Development of fruit wine using batuan (garcinia binucao) fruit/
Realie G. Bartolome, Jacky D. Cua, Missy Sue I. Devero, Sebastian C. Nadonga, and Jeremiah G. San Pedro.--
- Manila: Technological University of the Philippines, 2022.
- xi, 99pages: 29cm.
Bachelor's thesis
College of Industrial Technology.--
Includes bibliographic references and index.

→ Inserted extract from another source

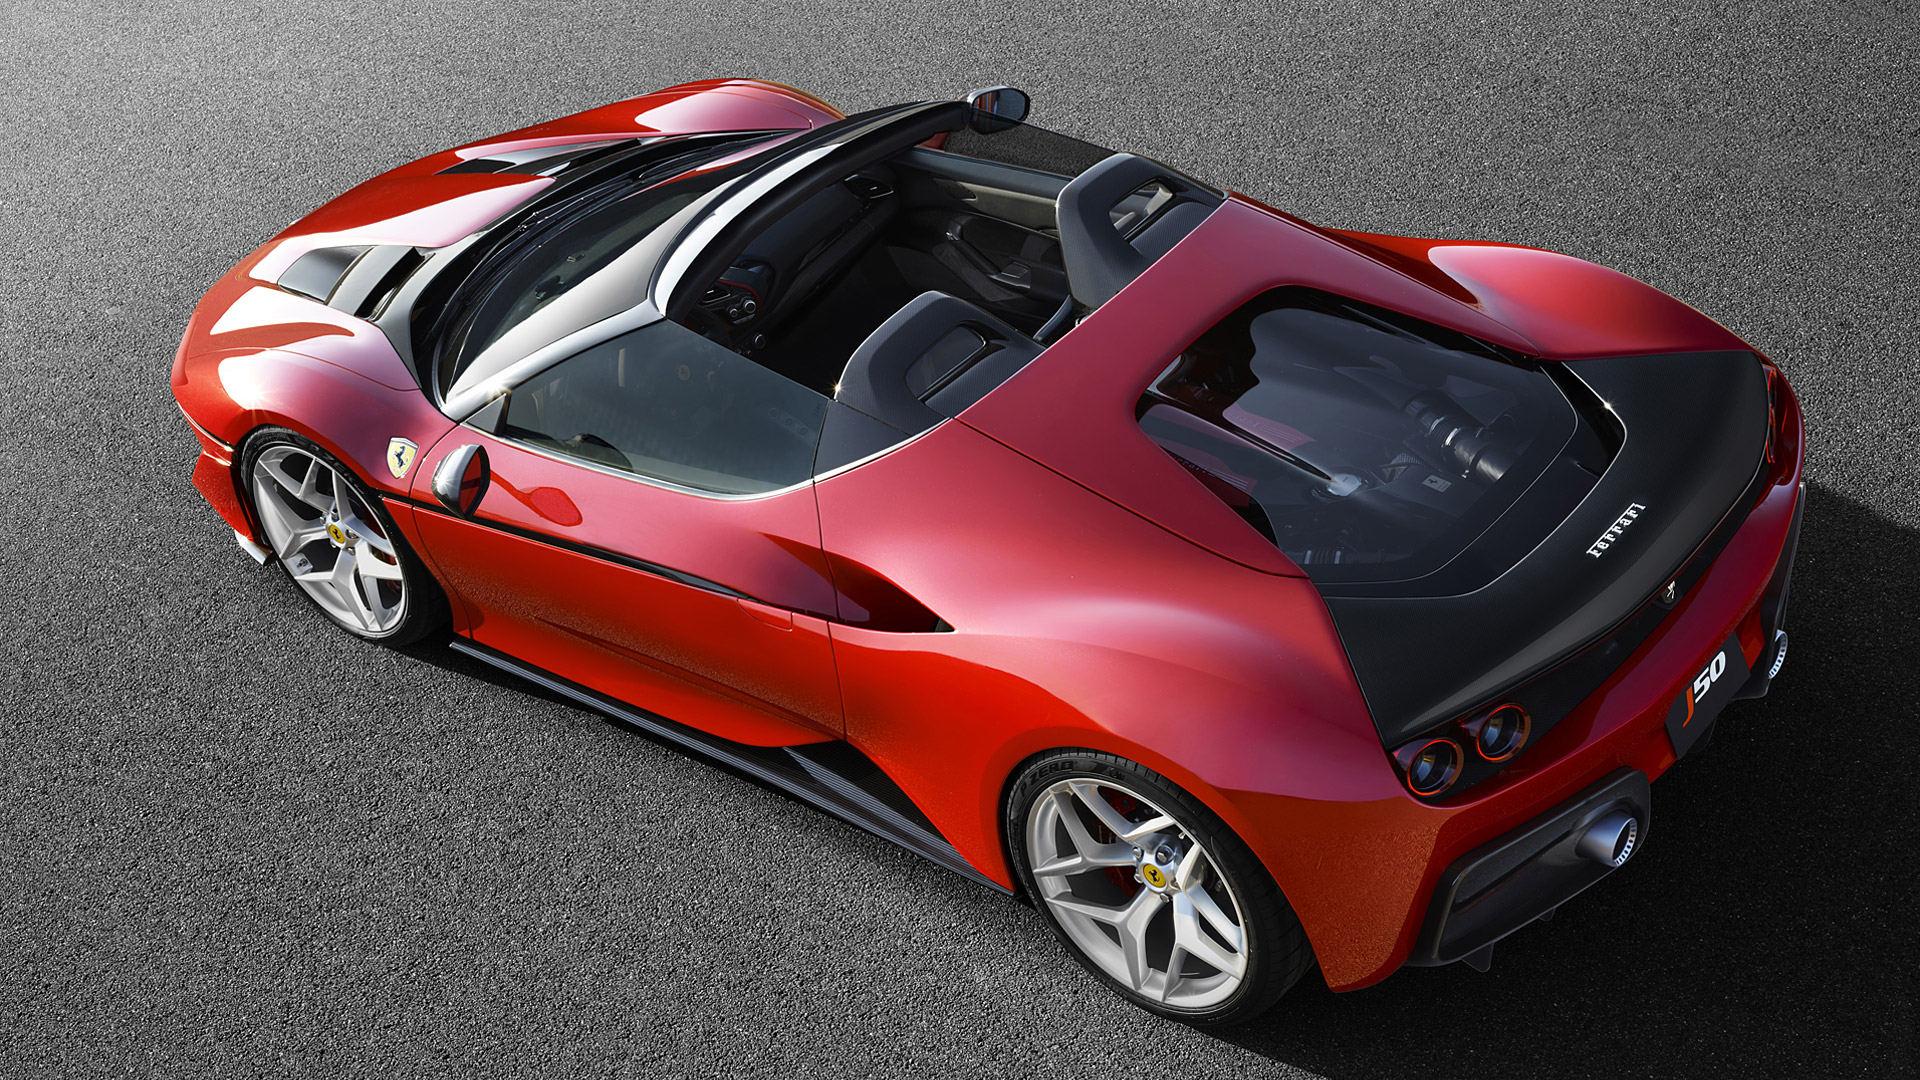 2016 Ferrari J50

The study "Development of Batuan (Garcinia Binucao) as Fruit Wine, aims to provide innovation in the food and beverage industry and marketplace, attracting consumers to patronize local wines made from underutilized fruit. At the same time, it would help lessen food waste. The product was developed to prolong the shelf life of Batuan fruit, which contains numerous vitamins and antioxidants. Batuan extract was fermented, thereby increasing its health benefits in several ways. For example, moderate consumption of an alcoholic beverage can reduce the risk of heart disease and ischemic stroke. Test results revealed that the product contains 11.67 percent ethanol after 3 months of fermentation. Microbial tests showed that yeasts and molds obtained 1x10 CFU/g and E. coli with <1.1 MPN/g which both indicate safe levels for human consumption. Furthermore, the product was evaluated by 50 consumer-type panelists aged 21 and above, with no alcohol allergy, using descriptive evaluation. The product sensory evaluation revealed that the Batuan fruit wine’s descriptive characteristics and quality in terms of visual phase, aroma, and taste have obtained a mean rating of 3.59 and 3.90 respectively, interpreted as “Moderate Intensity” and "Acceptable”. Overall, the general product’s acceptability is “Acceptable”.